### REQUIRED WORK:
Please give back each line of the material unchanged, but without the images.

### DATASET CONTENT:
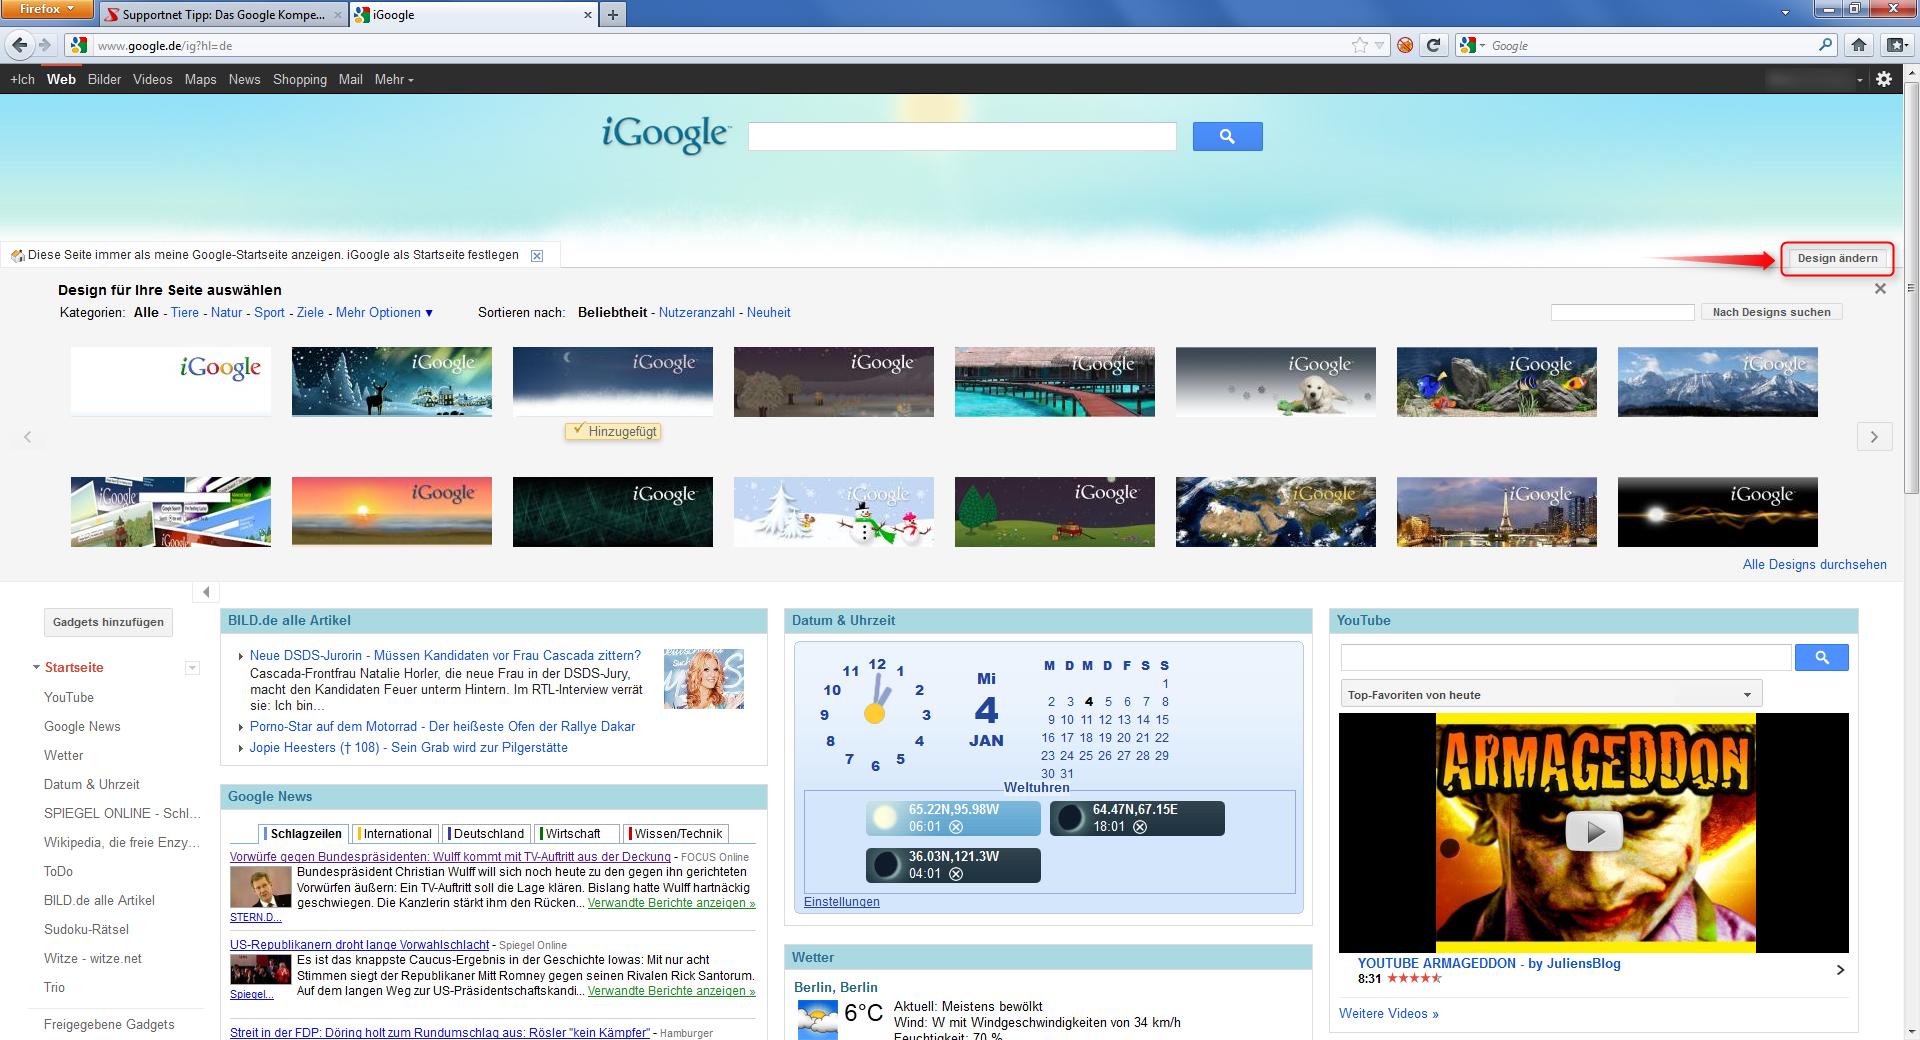 02-igoole-das-persoenliche-google-design-aendern-470.png?nocache=1325754578097
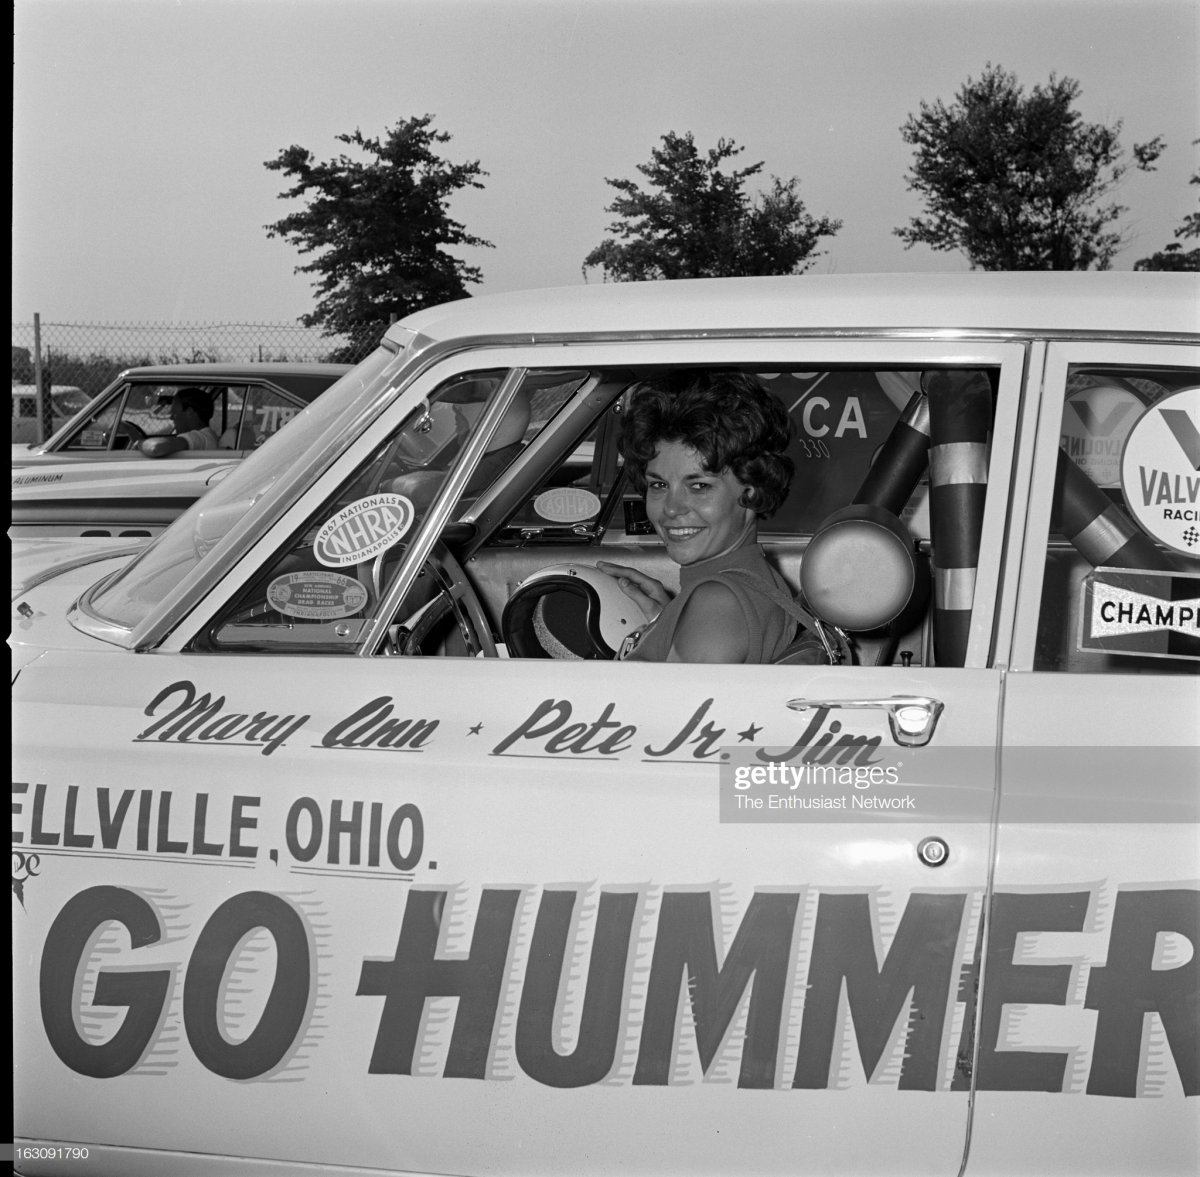 Mary Ann Foss in the GO HUMMER Dodge..jpg
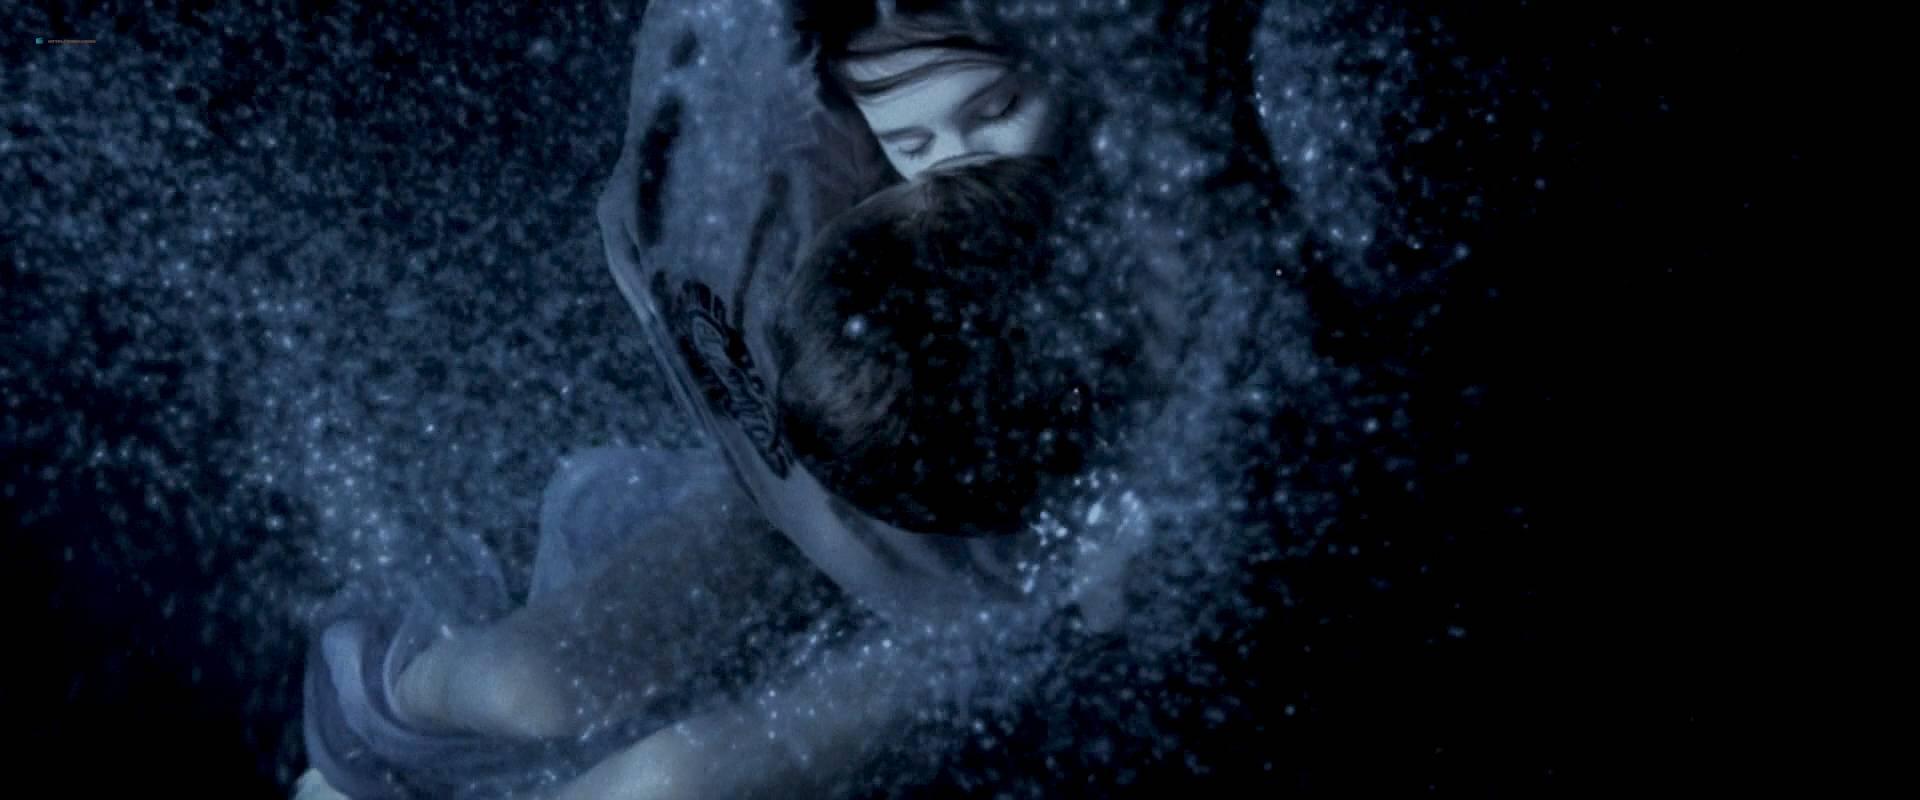 Virginie Ledoyen nude topless Tilda Swinton hot sex - The Beach (2000) HD 1080p BluRay (10)
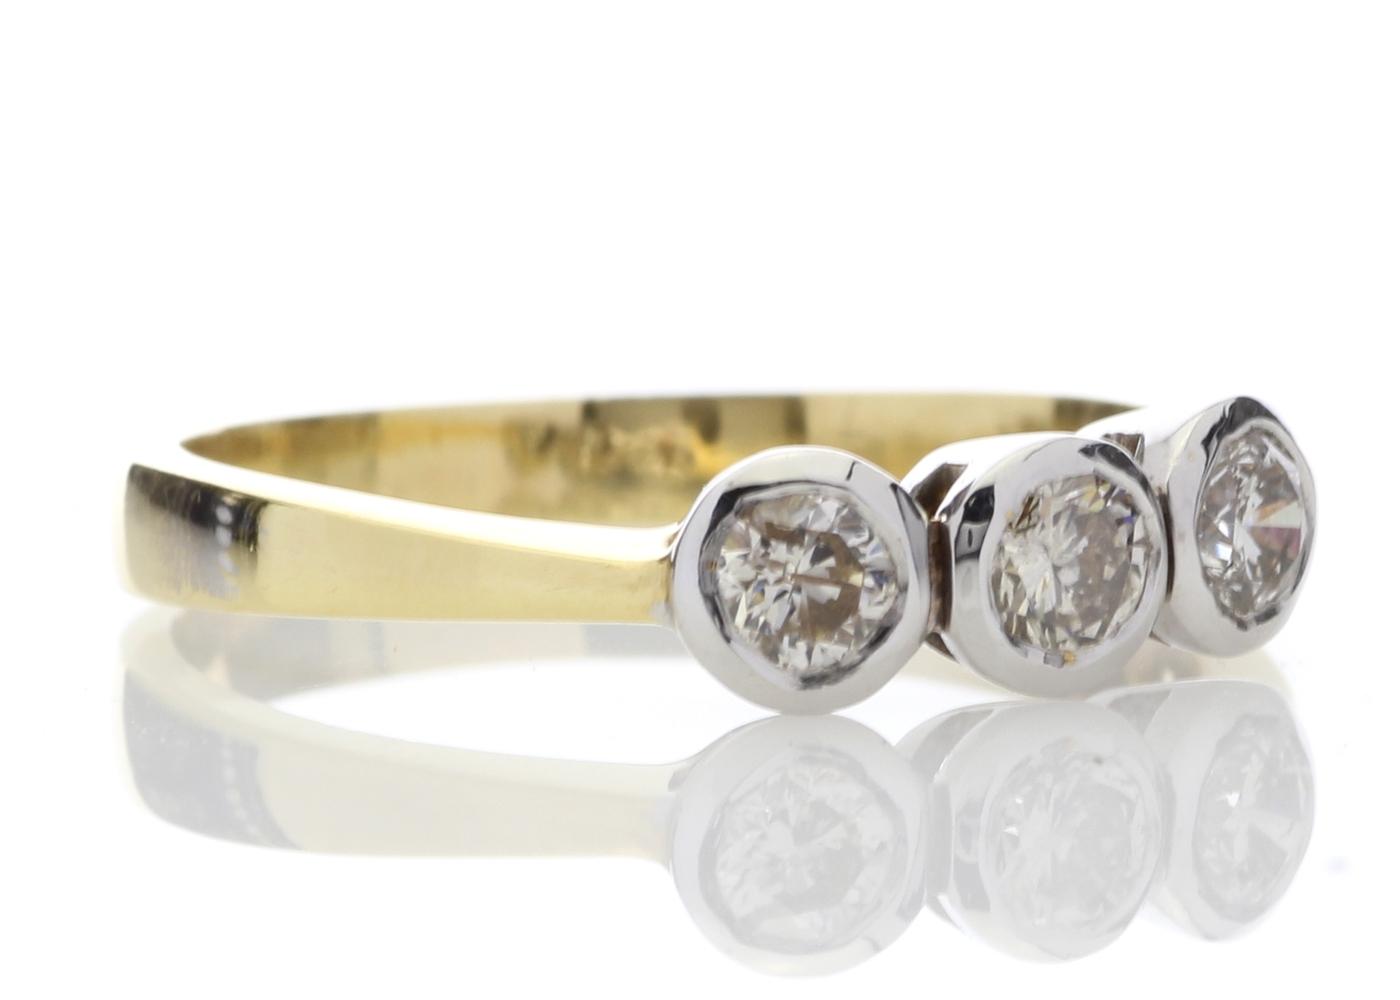 18ct Three Stone Claw Set Diamond Ring 0.75 Carats - Image 4 of 4

### EXPECTED ANSWER:
 02-igoole-das-persoenliche-google-design-aendern-470.png?nocache=1325754578097
 Mary Ann Foss in the GO HUMMER Dodge..jpg
 Virginie Ledoyen nude topless Tilda Swinton hot sex - The Beach (2000) HD 1080p BluRay (10)
 18ct Three Stone Claw Set Diamond Ring 0.75 Carats - Image 4 of 4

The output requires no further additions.